She Mail: Mom Seeks Support For Strapping Wayward Toddler In Harness
Julie Fisk is here to help. If you’ve need advice or want us to hash out a problem on the air for you, let Julie share some of her wisdom.
I have a 20 month old that loves to explore. In other words, he likes to run away from me. After 2 very anxious shopping ventures this week, I told my husband I want to buy a child harness. My husband thinks it’s borderline child abuse to put a leash on the kid. I told him it was spousal abuse to make my 8-month pregnant butt waddle after a disappearing child. I want my son to explore – not vanish. That is the worst feeling I ever encountered. My hubby says I should always keep him in the stroller, but isn’t that really a more restricting harness on wheels? Not to mention that he struggles in there and starts screaming.

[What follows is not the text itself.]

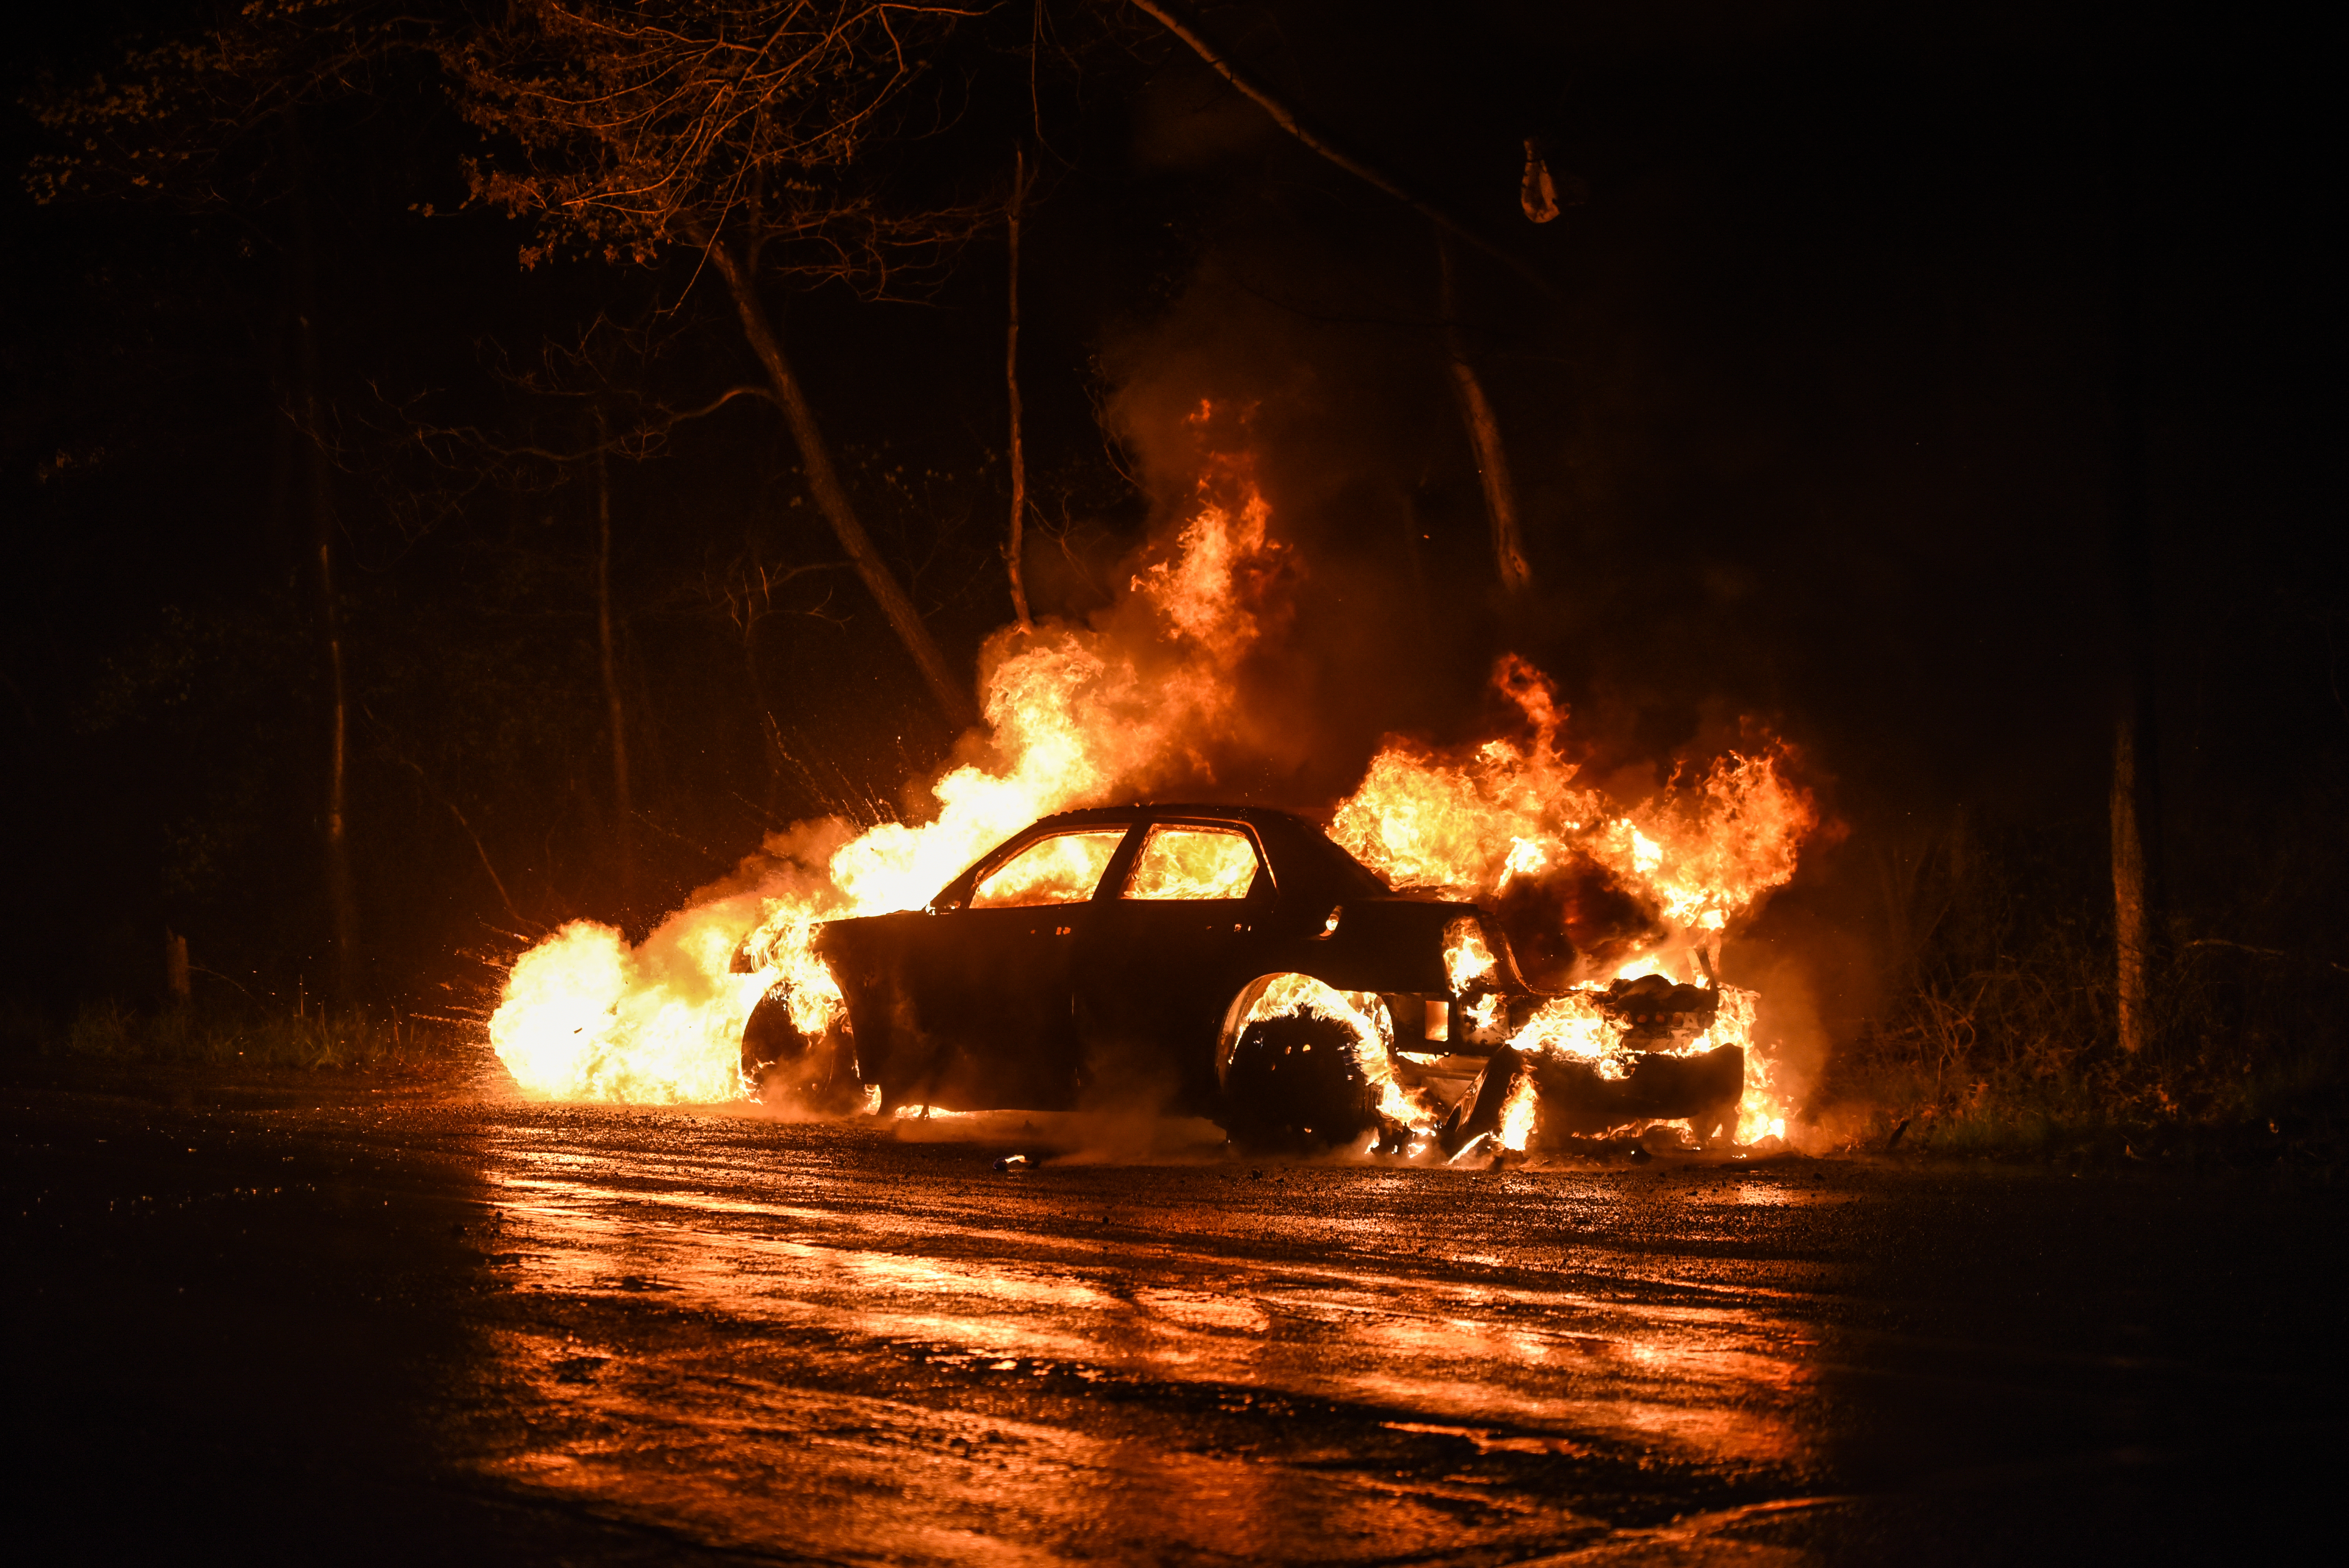 Burning car | Source: Shutterstock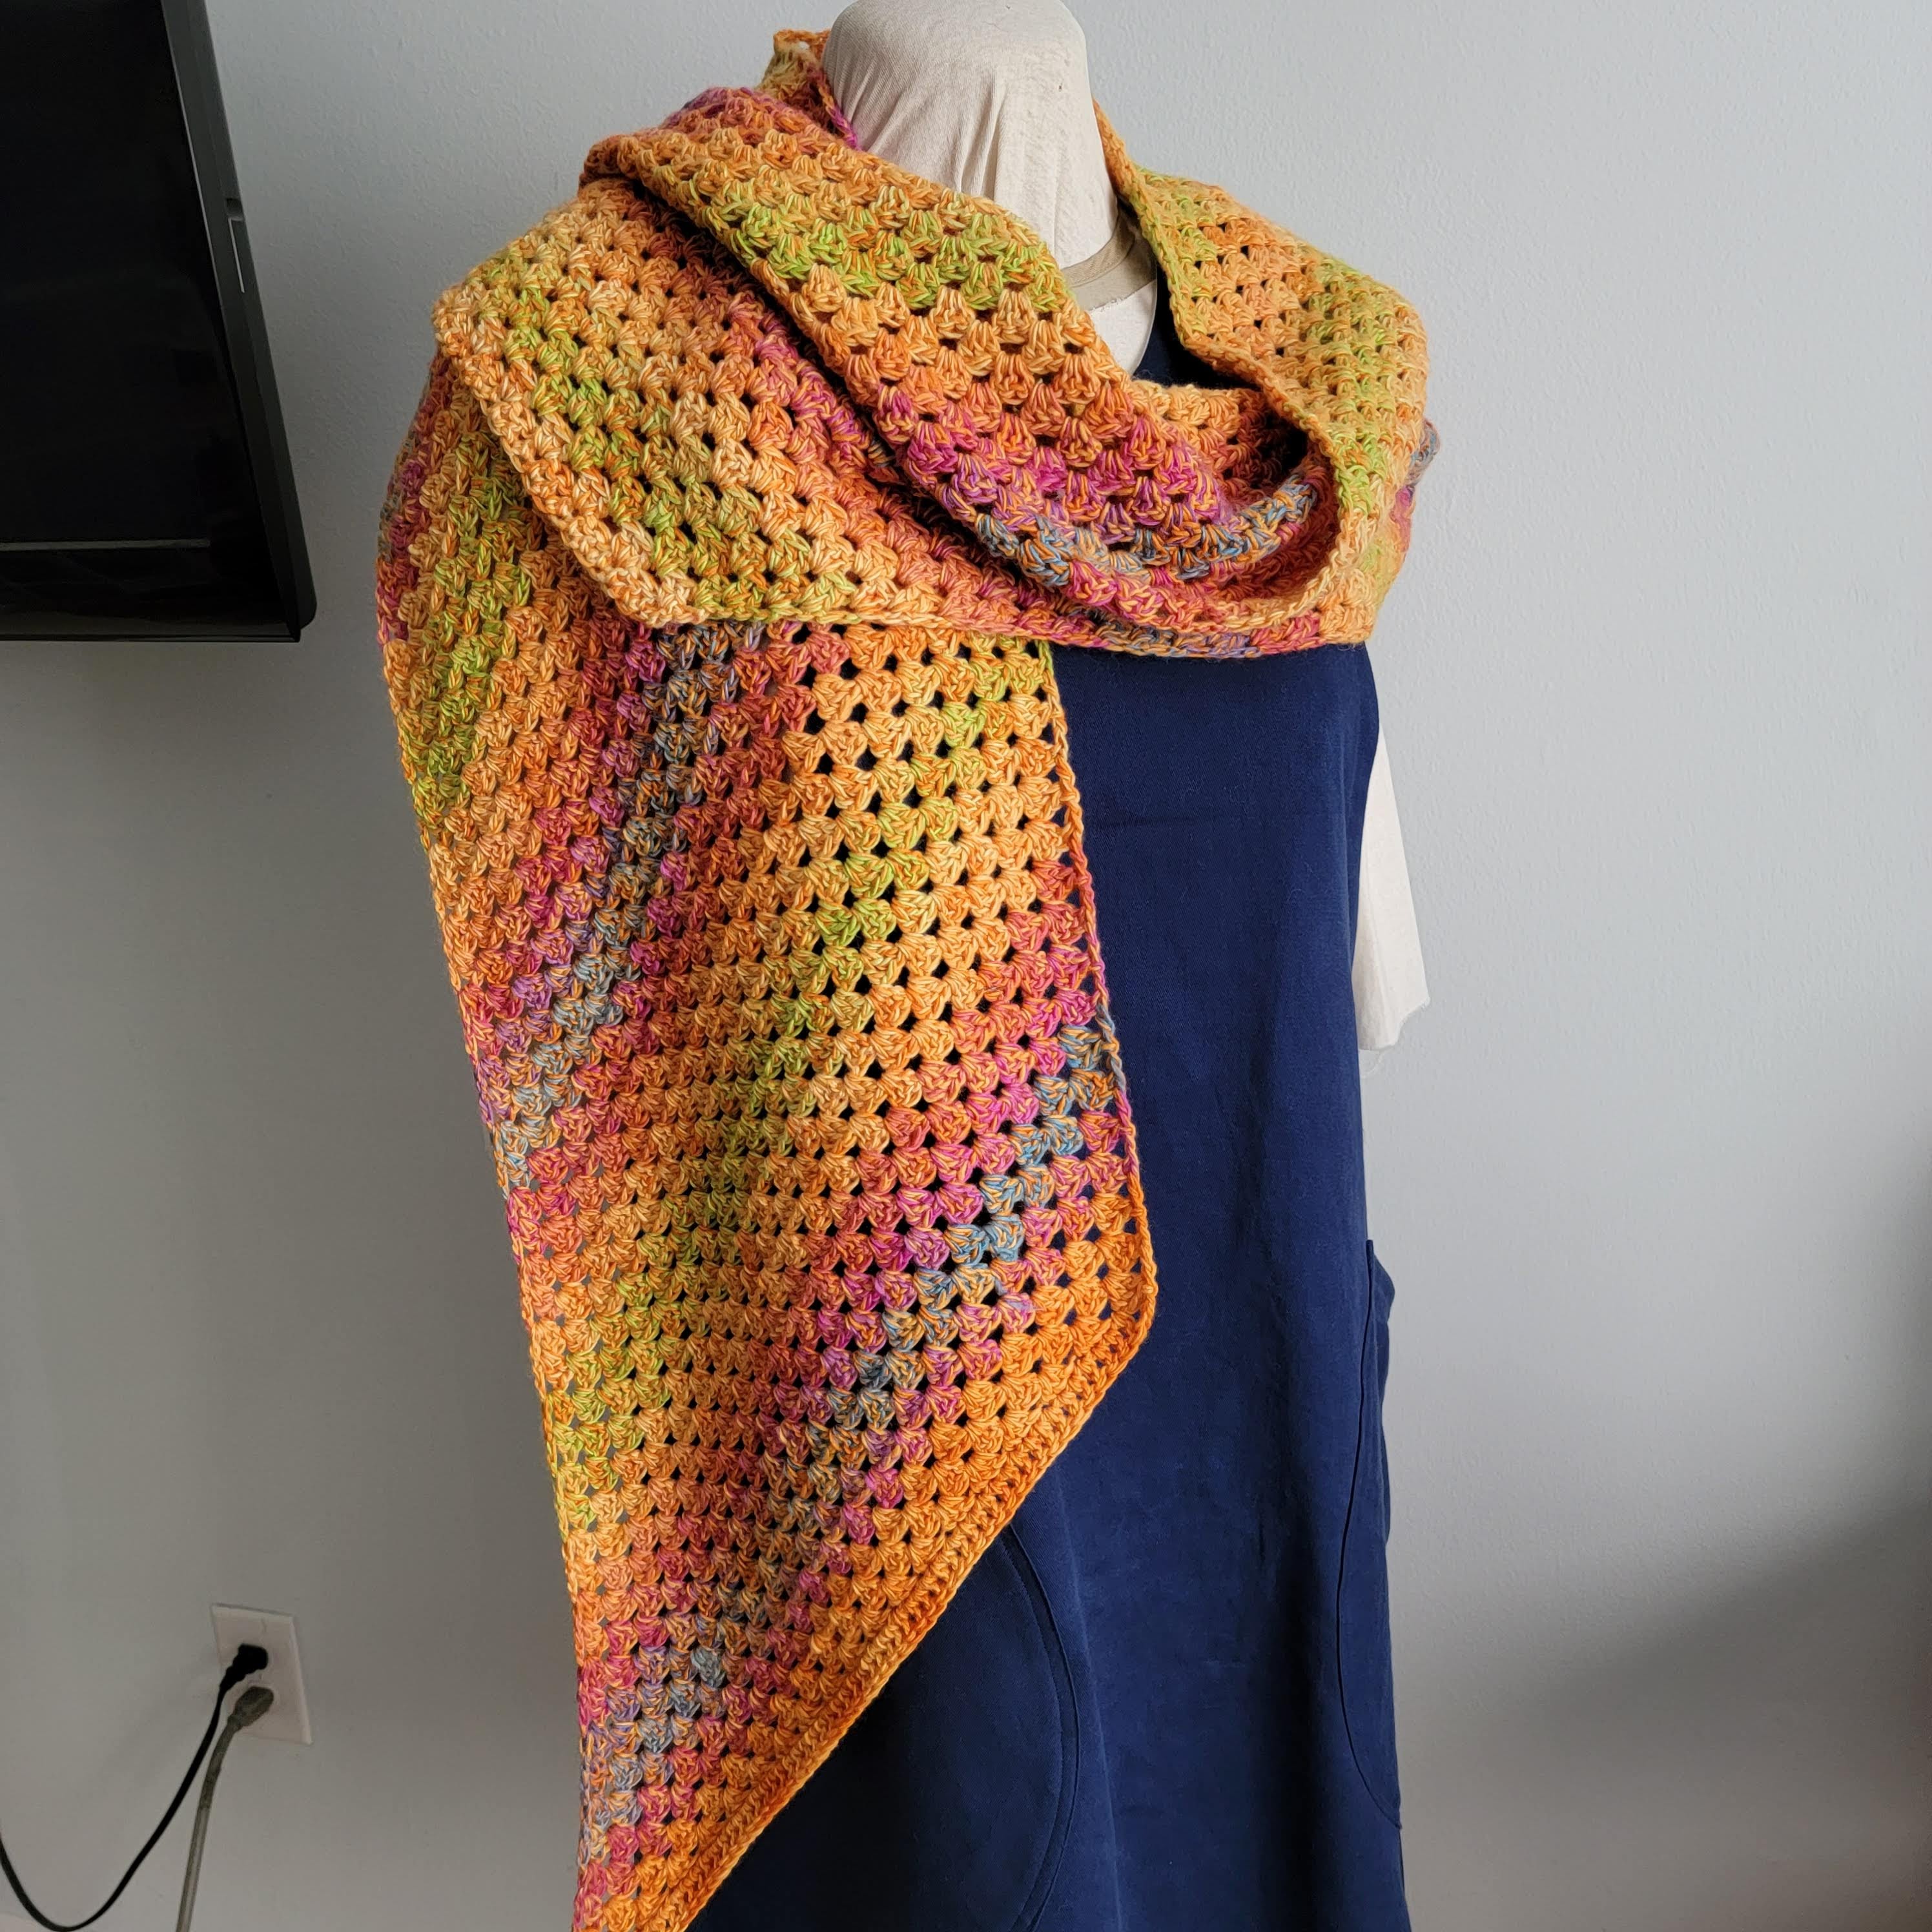 Knit Picks options Wood Interchangeable Knitting Needle Set - US 4-11 (Rainbow)

This fight is getting pretty ugly at home and in the meantime, my kid keeps running off. So, who is right? Please say me because my husband is being such a pain about it.
Where’d He Go?
Dear Where’d He Go,
The room started out divided because Tony thinks parents can use harnesses to be lazy instead of teaching kids to listen and follow the rules. He started to change his tune though when we described the awful feeling you get when your kid runs off. In a perfect world, kids would follow the rules and stay by our sides and we would be able to give them our undivided attention. We live in an imperfect world though and sometimes our kids run off. It’s annoying and scary but ultimately it’s unsafe. If you feel that your child is endangering himself, then I think it’s ok to use a child harness occasionally. Furthermore, if your husband continues to gripe about it, let HIM do all the shopping!